3. By adopting an object-oriented and graphical man-machine interaction mode, a visual and flexible network diagram drawing method is provided, so that the arrow lines can be segmented and the direction can be changed as required, the process content and time display position and mode can be flexibly set, the nodes can automatically complete topology numbering, and a user can conveniently optimize the design of the network diagram at any time.

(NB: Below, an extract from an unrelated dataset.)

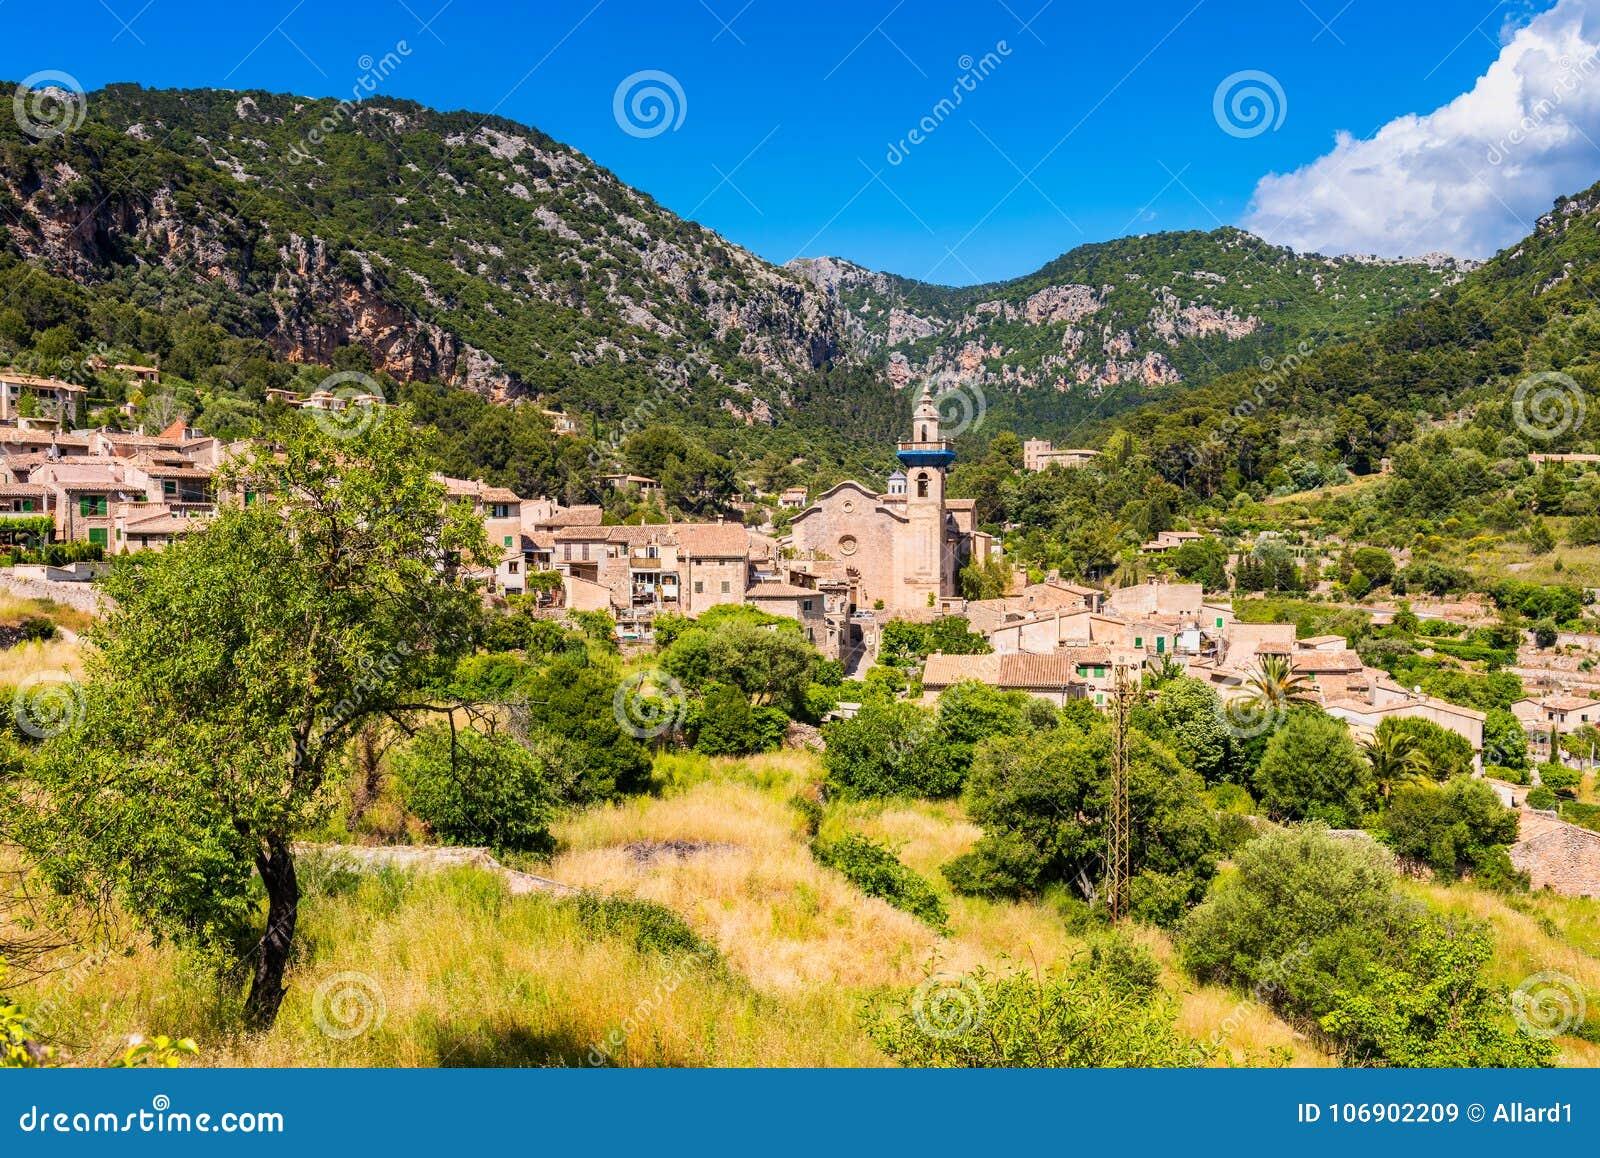 Widok na wiosce Valldemossa Mallorca

4. By providing the basic functions of the object-oriented class of the graphic elements such as the arrow lines and the nodes of the network diagram, the drawing system has the characteristic of universality and can be widely applied to the design, drawing and research of the network diagram in multiple fields.

Drawings

FIG. 1 is a diagram of a prior art network diagram;

FIG. 2 is a schematic flow chart of a rendering method described herein;

FIG. 3 is a schematic flow chart of a rendering method based on FIG. 2;

FIG. 4 is a schematic flow chart of a rendering method based on FIG. 3;

FIG. 5 is a diagram illustrating an example of mouse status selectable styles of a menu bar and a toolbar in the rendering method according to the present application;

FIG. 6 is an exemplary graph of nodes and cursors in a node rendering state according to the present application;

FIG. 7 is an exemplary diagram of a property setting dialog of a node according to the present application;

FIG. 8 is an exemplary diagram of solid arrow lines and a cursor in a solid arrow line drawing state according to the present application;

fig. 9 is an exemplary diagram of a dashed arrow and a cursor in a dashed arrow drawing state according to the present application;

FIG. 10 is an exemplary illustration of an arrow line and node connection described herein;

FIG. 11 is an exemplary diagram of an arrowed property setting dialog described herein;

FIG. 12 is a diagram illustrating a network diagram according to the present application;

FIG. 13 is an exemplary illustration of a review prompt as described herein;

FIG. 14 is a diagram illustrating an example of a calculation result of a time parameter of a network diagram according to the present application;

FIG. 15 is a diagram illustrating an example of storing a network map file according to the present application;

FIG. 16 is a diagram illustrating an example of a network map file comparison analysis according to the present application;

FIG. 17 is a diagram illustrating creation of a node in another embodiment of the rendering method of the present application;

FIG. 18 is a diagram illustrating an example of the connection of node arrows in a further embodiment of the rendering method of the present application;

FIG. 19 is a diagram illustrating a network map parameter report in another embodiment of the drawing method of the present application;

fig. 20 is a block diagram of a rendering system according to the present application.

Detailed Description

In order to make the objects, technical solutions and advantages of the present application more apparent, the present application is further described in detail below with reference to the accompanying drawings in combination with the detailed description. It should be understood that the description is intended to be exemplary only, and is not intended to limit the scope of the present application. Moreover, in the following description, descriptions of well-known structures and techniques are omitted so as to not unnecessarily obscure the concepts of the present application.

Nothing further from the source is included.